Local conglomerate Turkerler and Italy’s Astaldi, the consortium building the Ankara Etlik City Hospital, has restructured an €833mn loan with a consortium of 15 banks, including the European Bank for Reconstruction and Development (EBRD), the World Bank’s International Finance Corporation (IFC), Credit Agricole, Deutsche Bank and UniCredit, along with local lenders Isbank, Akbank and TSKB, Ernst & Young Turkey said on January 19.
In September, unnamed sources told Reuters that Turkerler and Astaldi were in debt restructuring talks for Ankara Etlik.
In 2015, the consortium obtained a €900mn loan for Etlik from banks, including the EBRD, IFC, UniCredit and Isbank.
The €1.3bn Ankara Etlik project is among the largest public-private-partnership (PPP) hospital projects in Europe, according to E&Y.

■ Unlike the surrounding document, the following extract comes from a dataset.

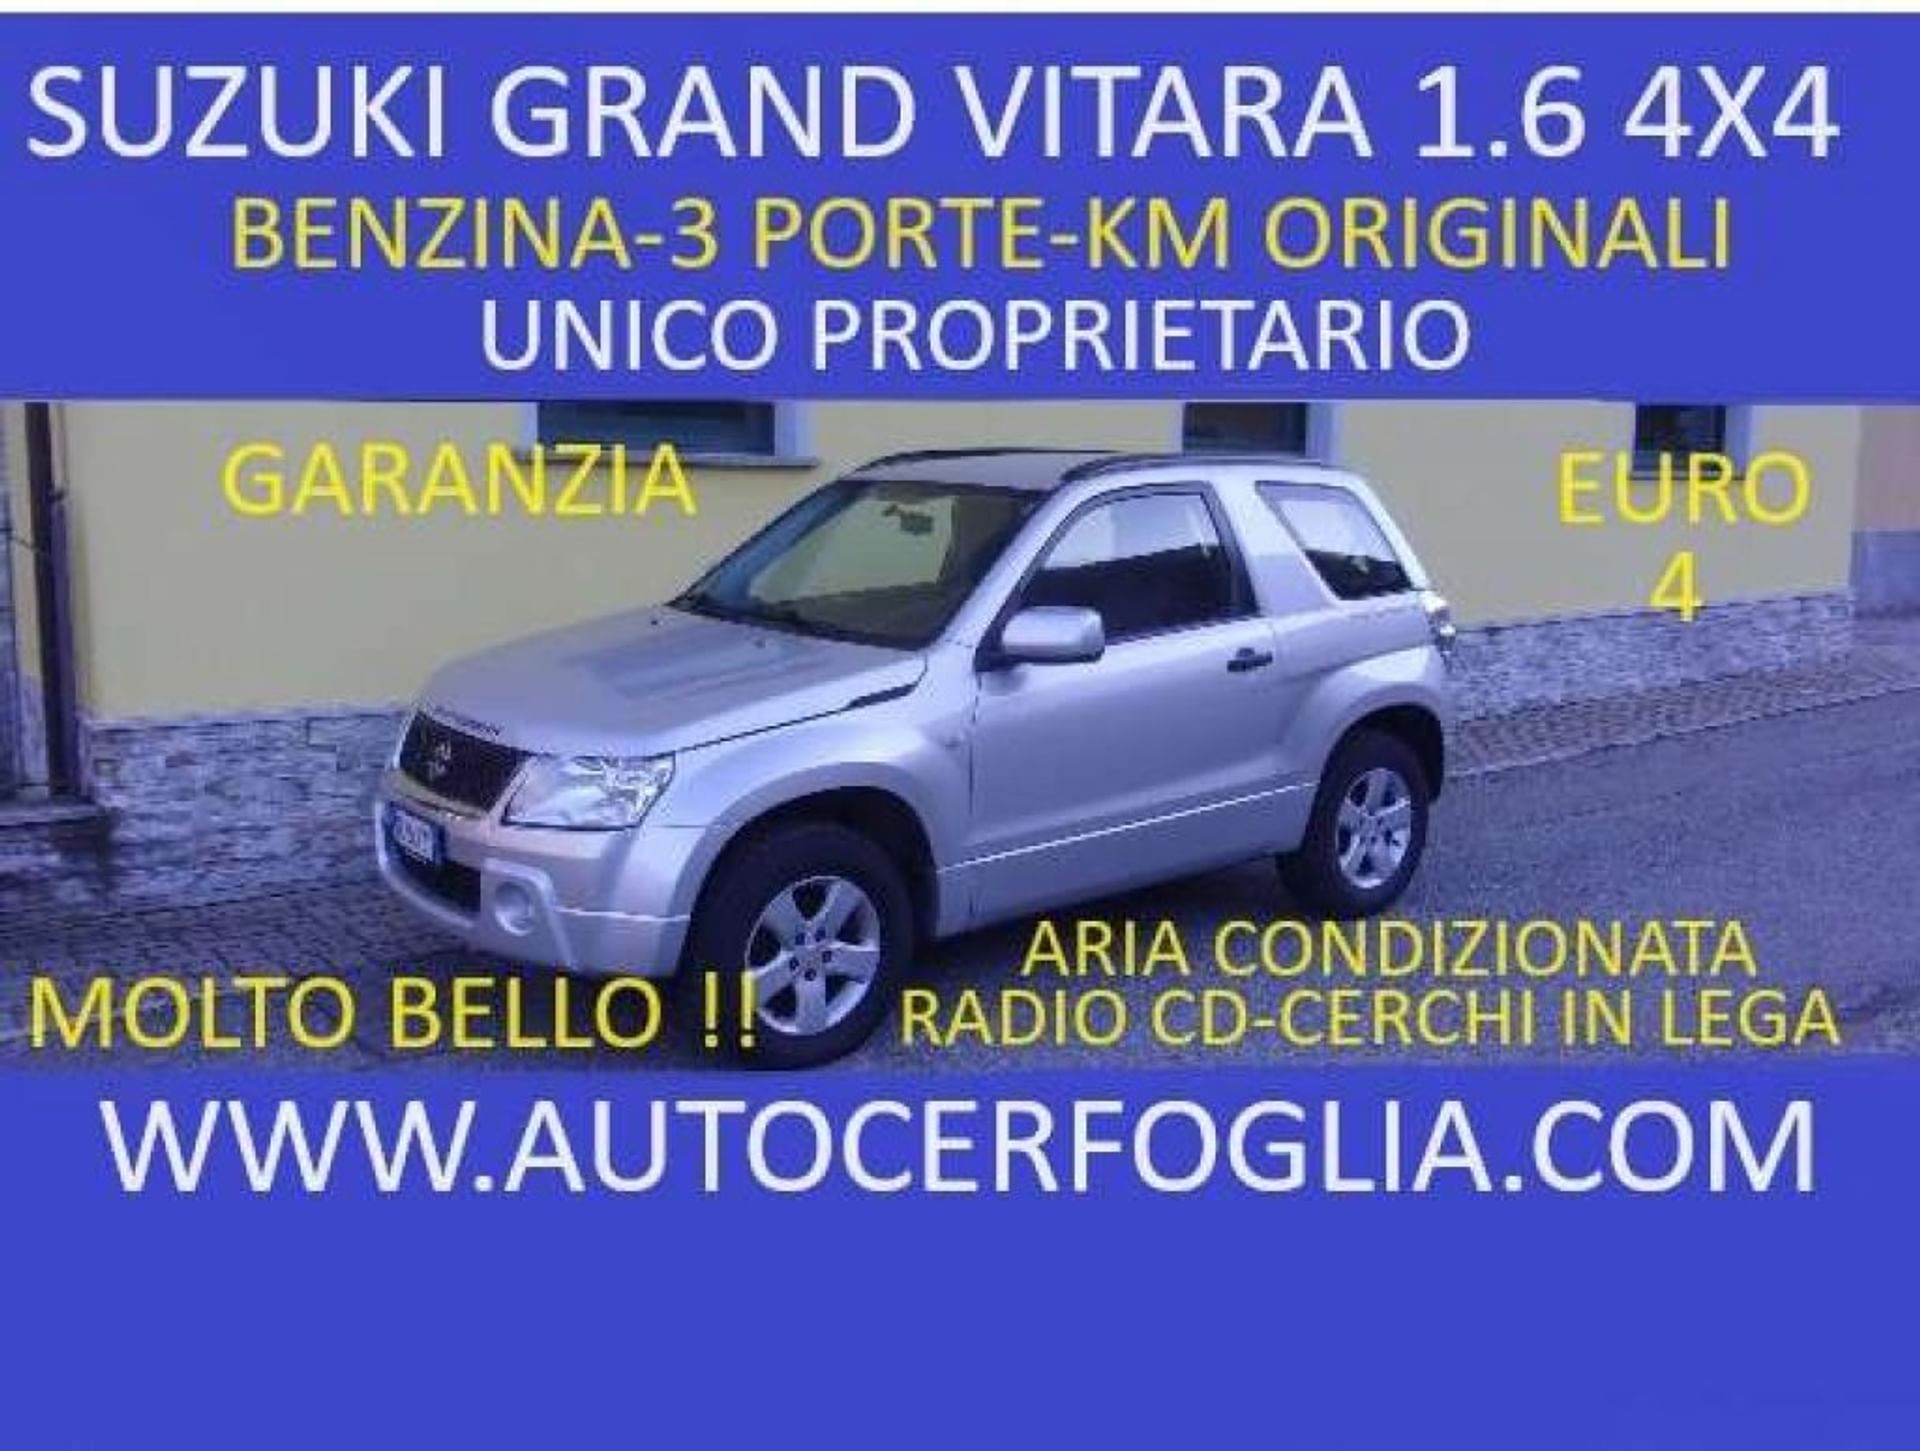 Suzuki Grand Vitara 1.6
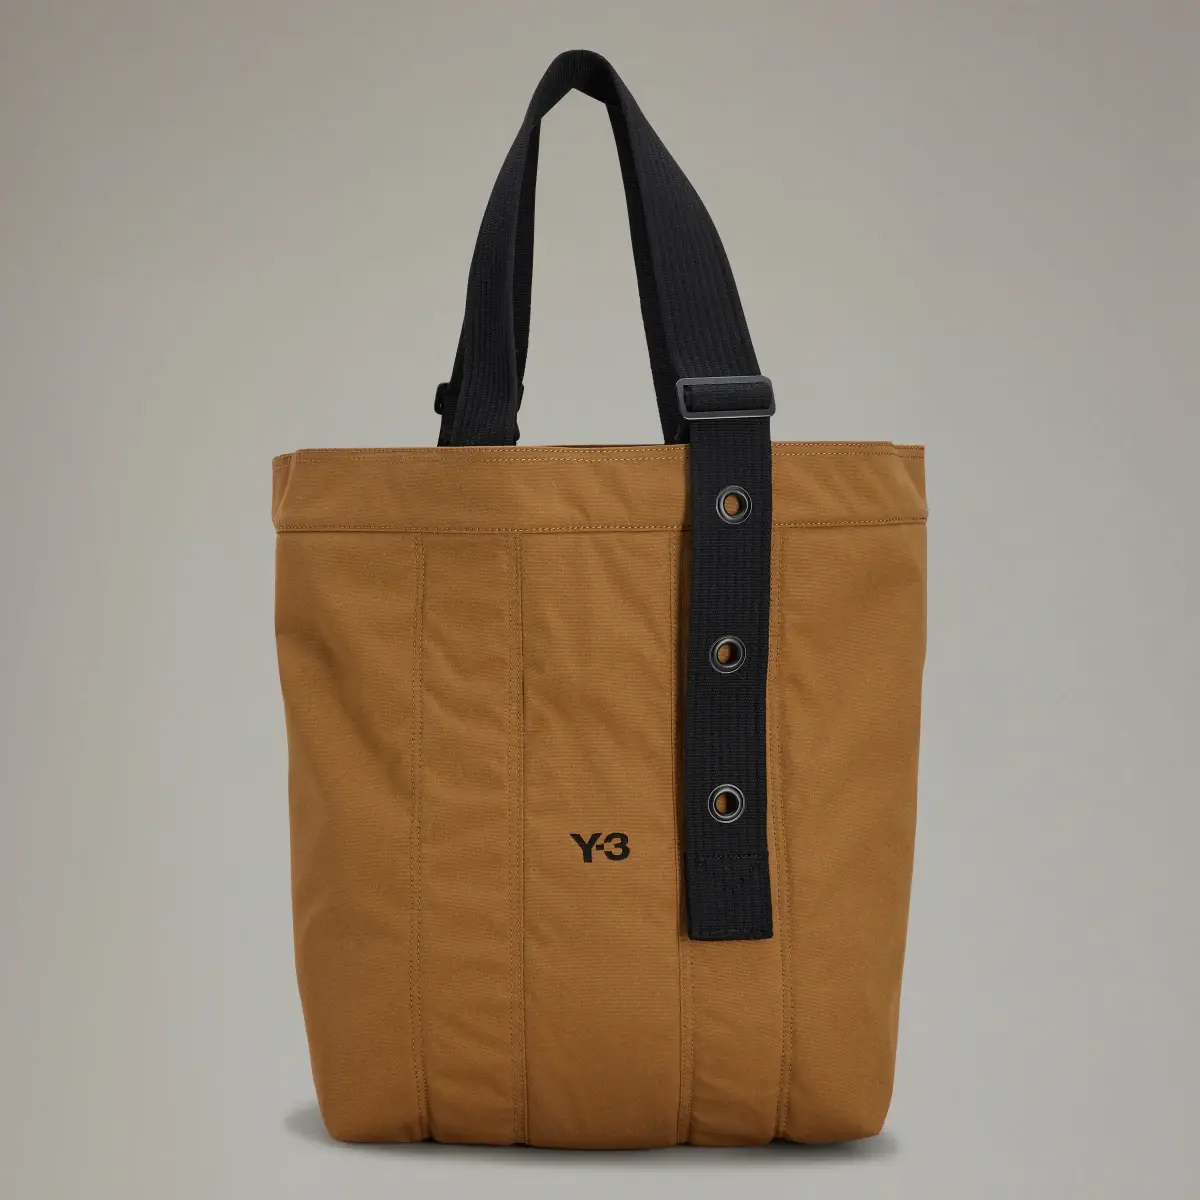 Adidas Y-3 Shoulder Bag. 1

In October, Turkerler was also part of a consortium together with Gama Holding and General Electric that restructured a €900mn loan for the Izmir and Kocaeli city hospitals.
The Turkish government has since 2015 entered into the building of 18 city hospitals under the PPP model.
Turkey is to pay $81bn in usage and service fees to the city hospital consortiums over 25 years, according to calculations made by Ugur Emek, the leading professor in Turkey working on identifying what critics see as the country’s PPP blackhole—the government does not share details of the PPP agreements.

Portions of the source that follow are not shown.